• SUPPLIED MATERIAL:
▶

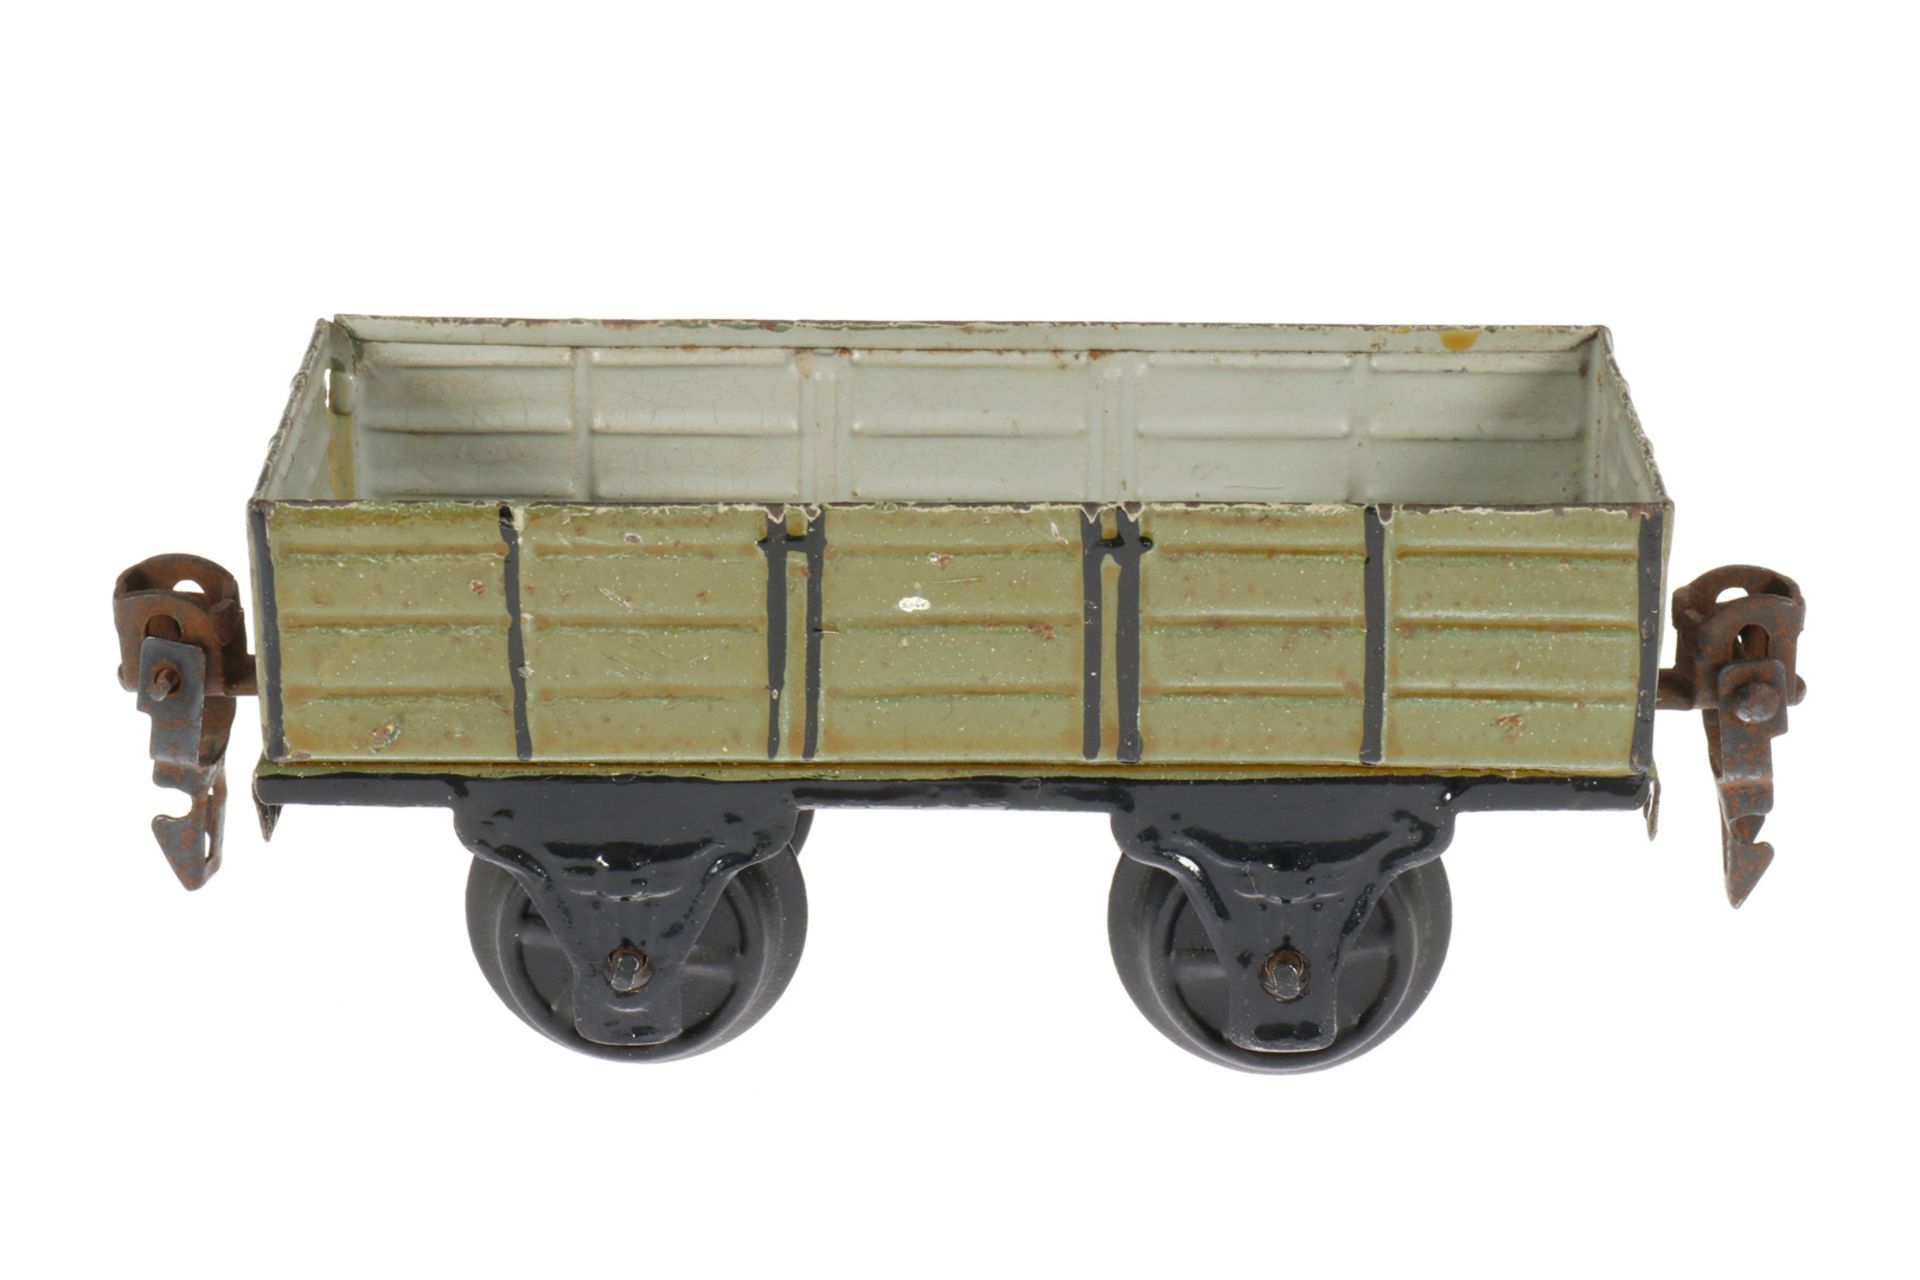 Märklin offener Güterwagen 1916, S 0, handlackiert, Alterungsspuren, L 11, Z 2
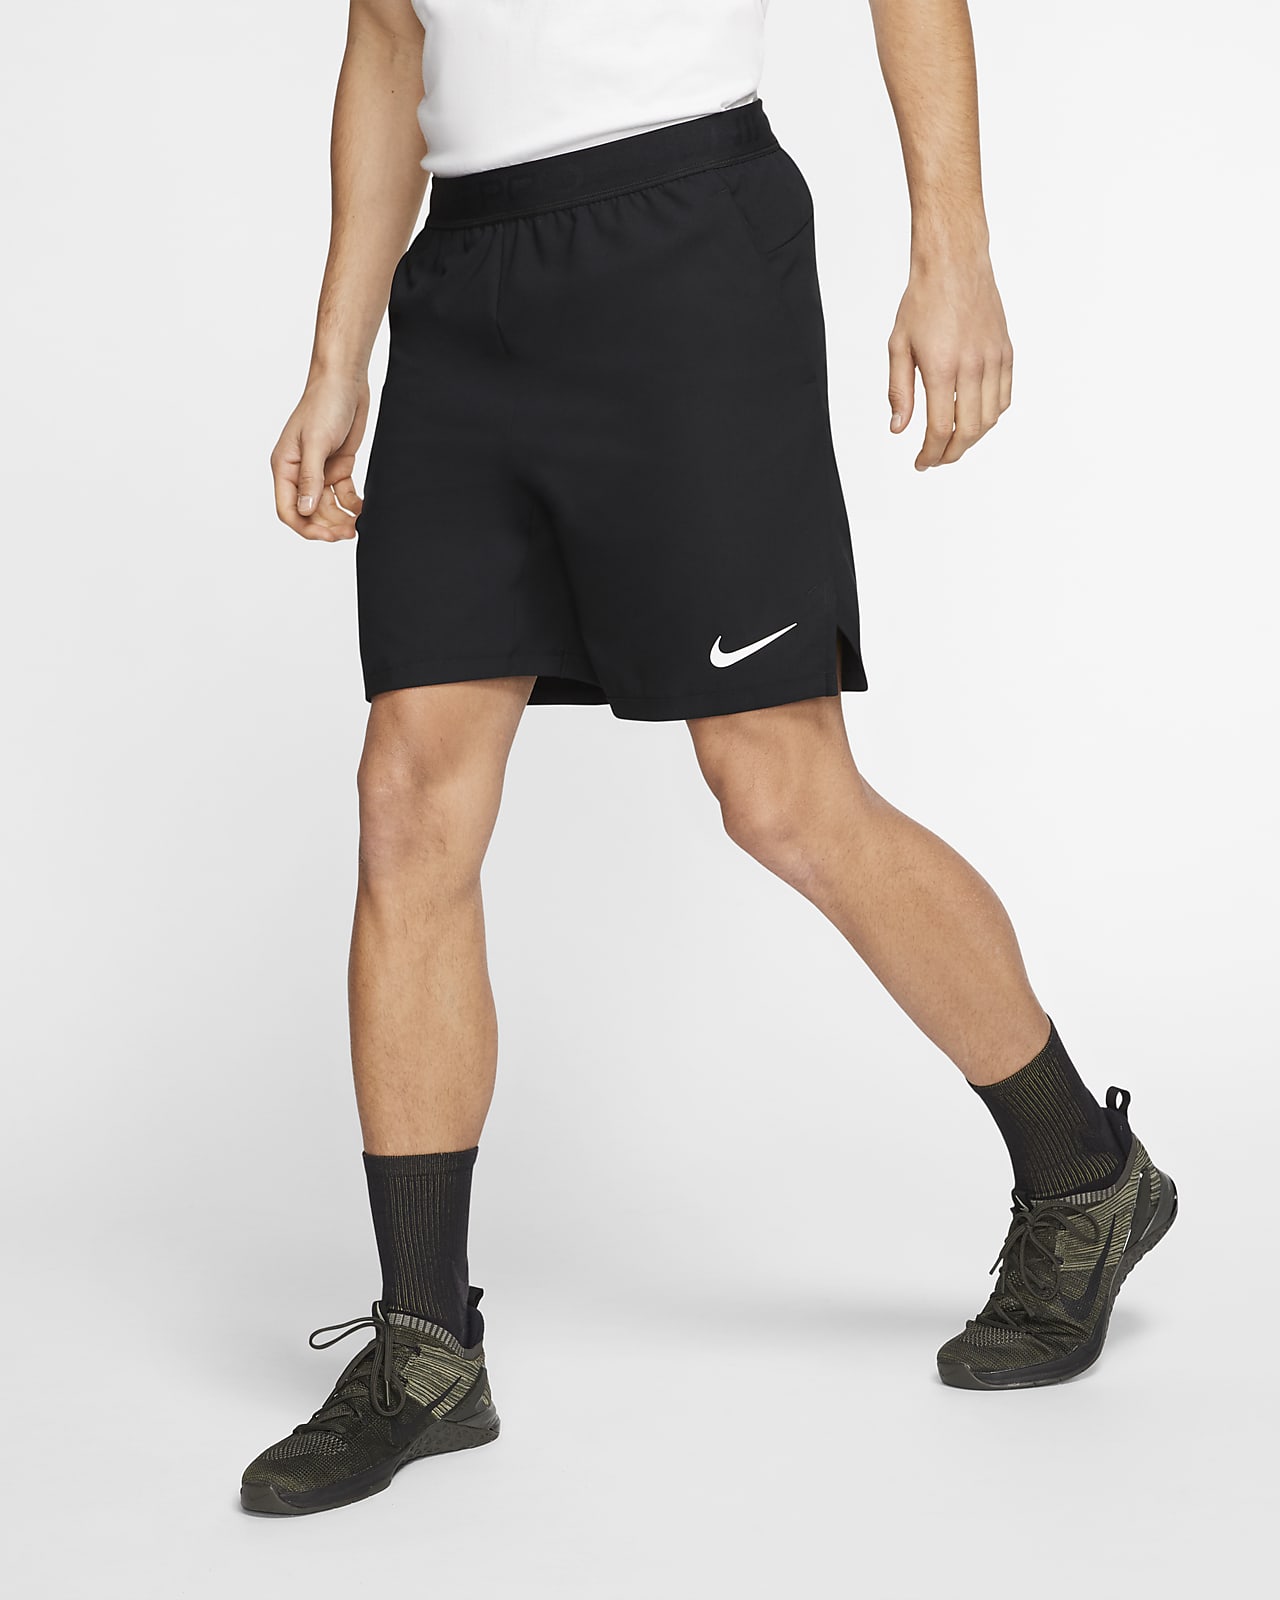 Мужские шорты Nike Pro Flex Vent Max
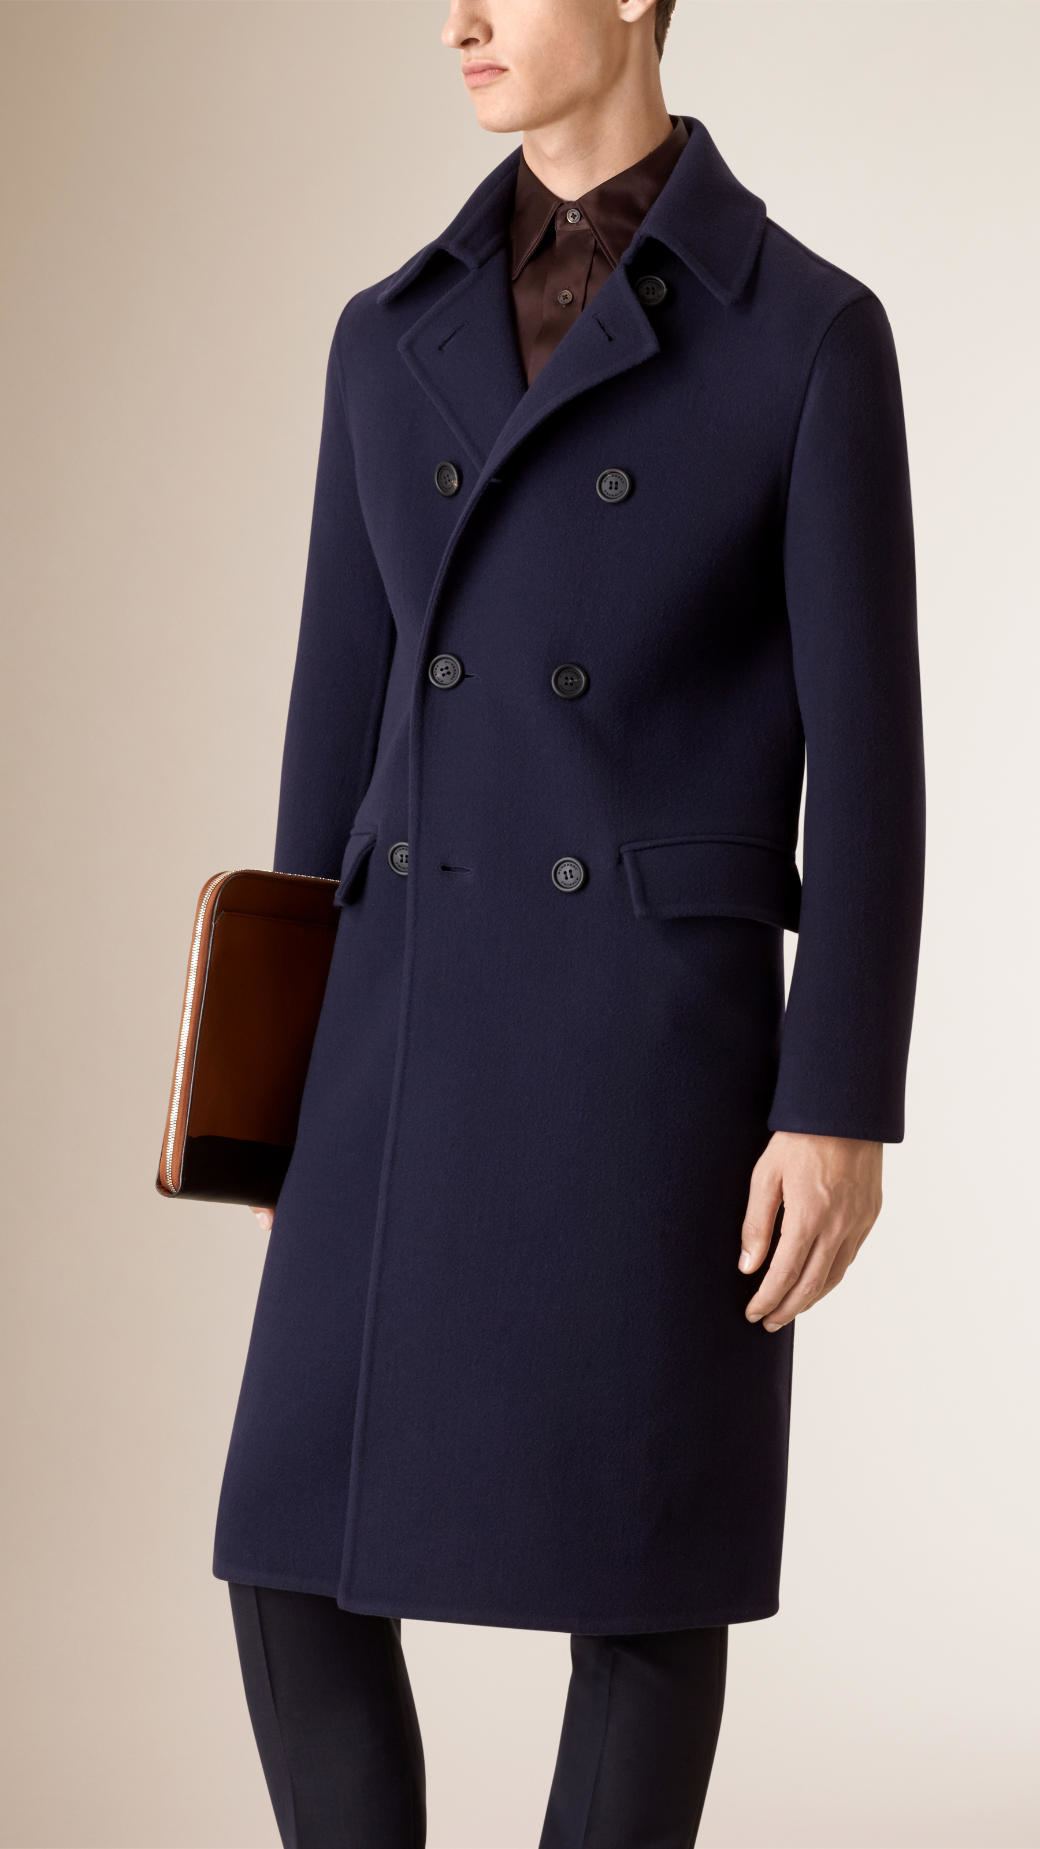 Lyst - Burberry Unlined Wool Overcoat in Blue for Men
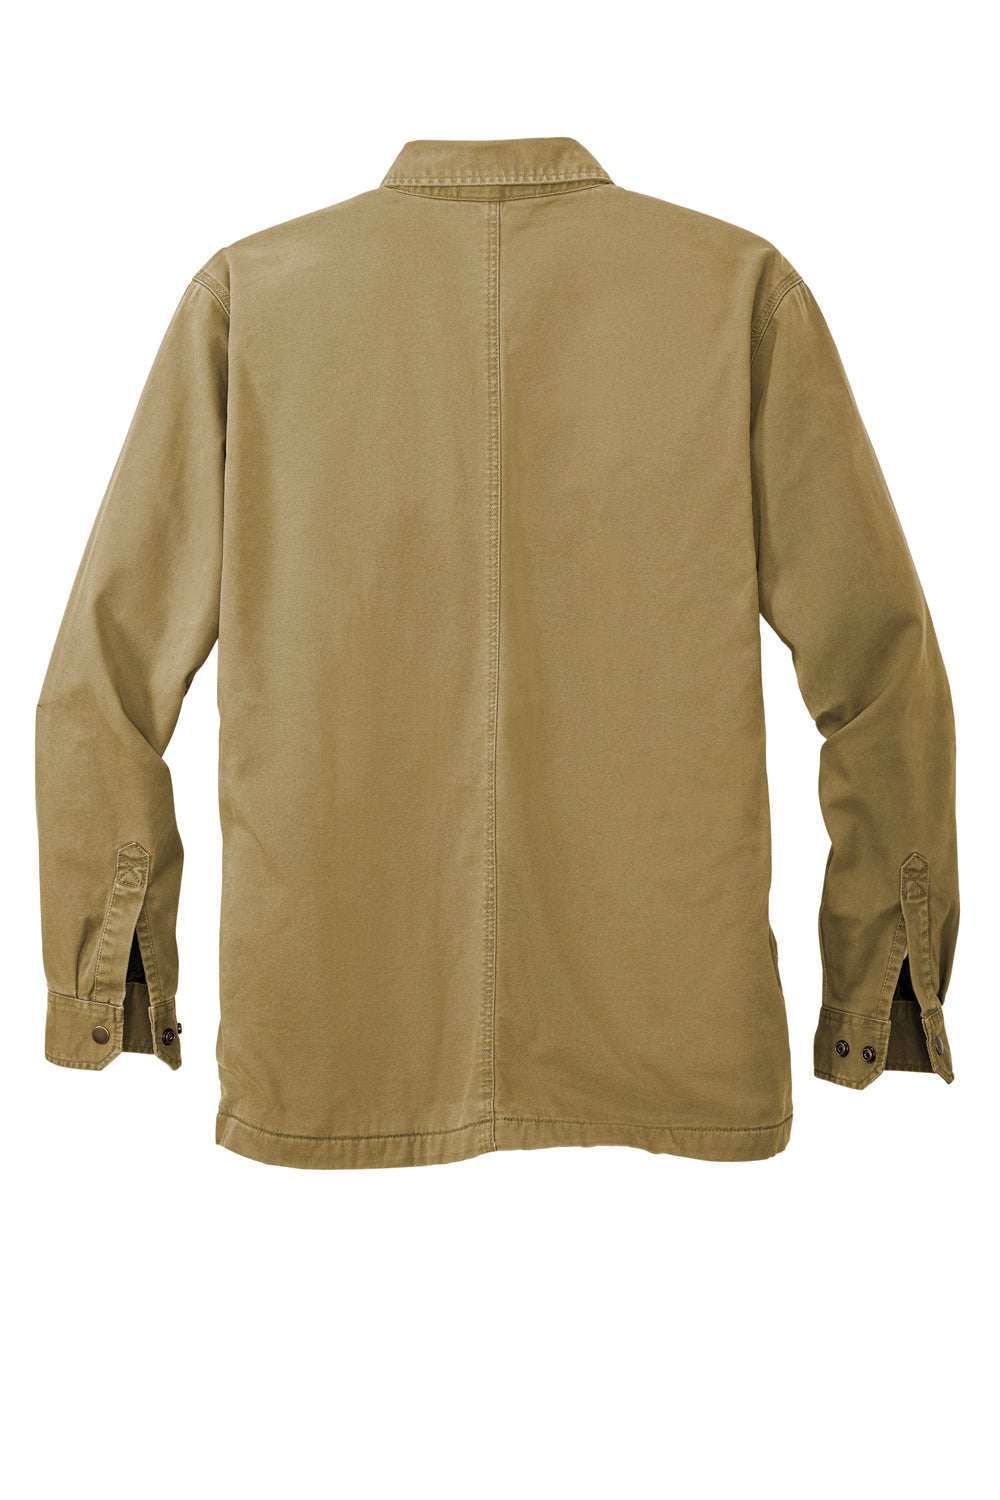 Carhartt CT105532 Mens Rugged Flex Button Down Shirt Jacket Dark Khaki Brown Flat Back

◀

Return the whole of the material above exactly, with no picture carried over.

• SOLUTION TO THIS TASK:
 Märklin offener Güterwagen 1916, S 0, handlackiert, Alterungsspuren, L 11, Z 2
 Мужские шорты Nike Pro Flex Vent Max
 Lyst - Burberry Unlined Wool Overcoat in Blue for Men
 Carhartt CT105532 Mens Rugged Flex Button Down Shirt Jacket Dark Khaki Brown Flat Back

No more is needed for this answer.